Overcoming Depression is Not Just about ‘Positive Thinking’
You might hear a lot about positive thinking when you are trying to find a way to recover from depression. Getting over depression can be a little more complicated than just trying to think positively. Depression can show up in really different ways and it is important to remember that each person’s experience is unique. You can be depressed without even really feeling sad. For some people, it could be feelings of guilt and irritability that may be prominent. For other people it could be feelings of shame, tearfulness, concentration difficulties and indecision that are most noticeable.
For many people with depression a cycle sets in where you generally get less enjoyment from things you used to enjoy and for understandable reasons, you stop doing those things. You can’t be bothered to see friends, you drop the hobbies you used to love, you put less effort into most daily tasks, even with things like dressing yourself and cooking meals. Your world gets more and more narrow and less opportunities to escape depression present themselves due to the isolation and inactivity that depression can bring about. The solution can lie in finding ways to escape this cycle.
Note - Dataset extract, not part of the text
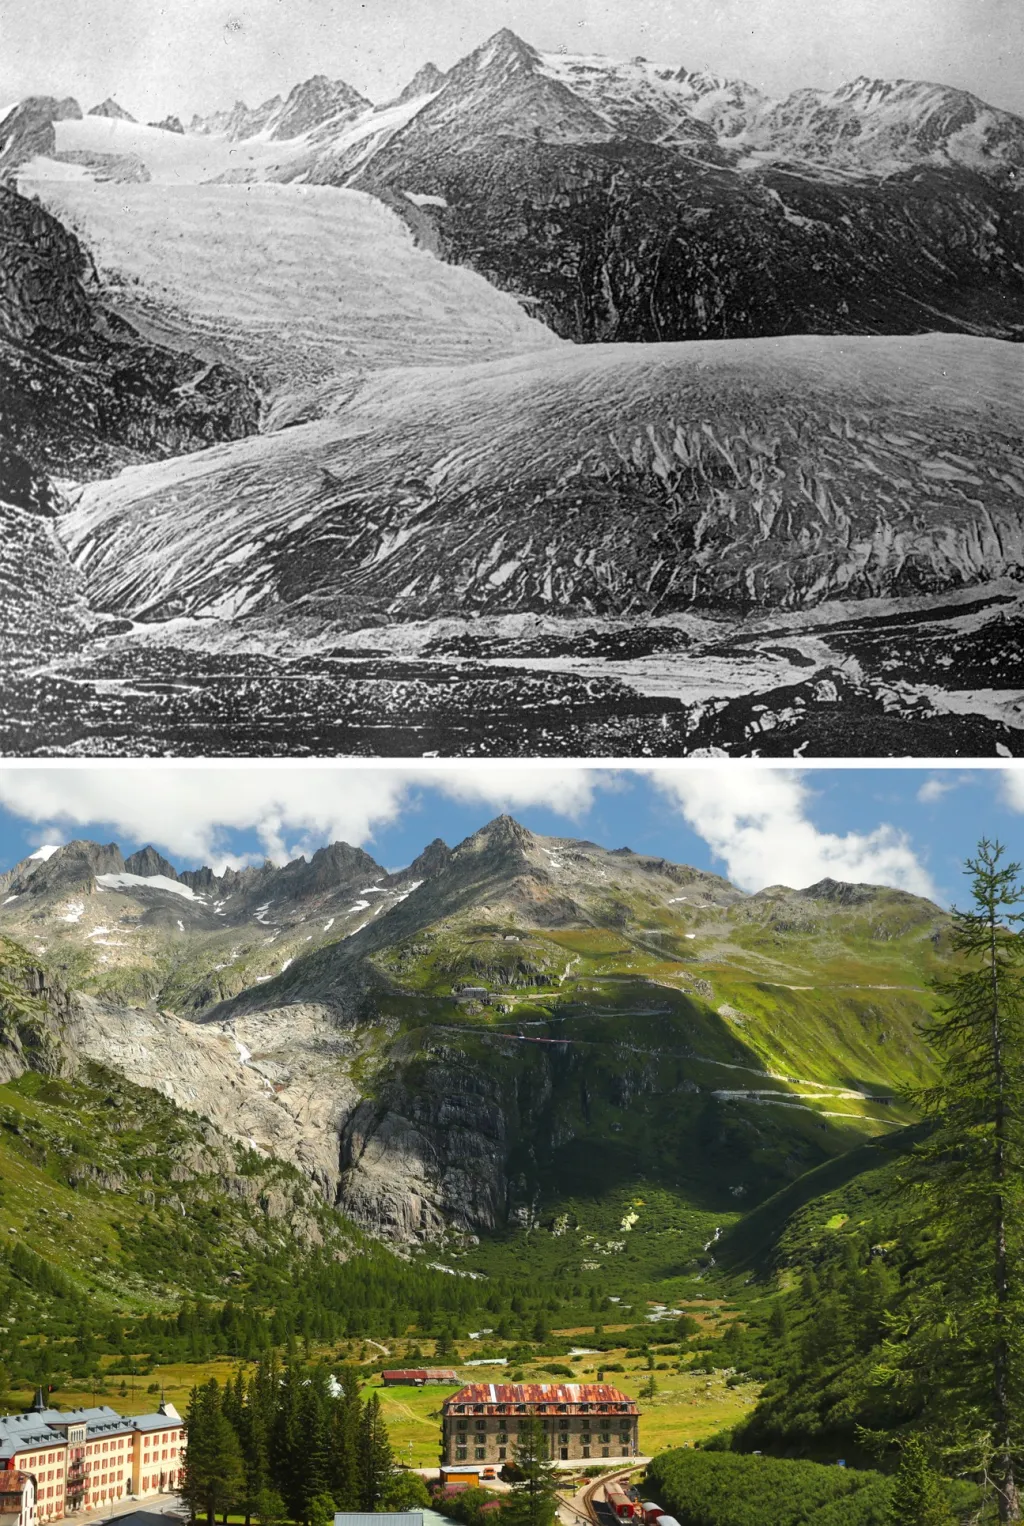 Ledový val, který zcela zmizel, ukazuje snímek z roku 1849. Současná fotografie ledovce Rhône byla pořízena v srpnu 2019

It can bring so much relief to realise that the way you are seeing things is not really the whole truth. In some cases, the negative way in which you are viewing things might be accurate, it is just that the positive things are missing. Without the hope and promise that comes from seeing a balance of positive and negative perspectives, life can get very bleak. It is often this pessimism that contributes to difficulties making decisions, all the options look unappealing when all you see are how things could go wrong. When you are considering several possibilities, and you only predict the ways in which each option could have negative consequences then every path you could take seems like a bad idea. Addressing the way you are thinking to include a balance of positives and negatives can help you move forward. This is where a good friend, partner or a formal relationship with a psychologist can be helpful. Family members and friends sometimes become fatigued from trying to help and are not always objective about you and your situation.
Overcoming depression is about trying to view things in more accurate ways, including both the positive and negative and breaking free from cycles of depression that keep you stuck where you are. Help is available, you don’t have to keep pushing through alone.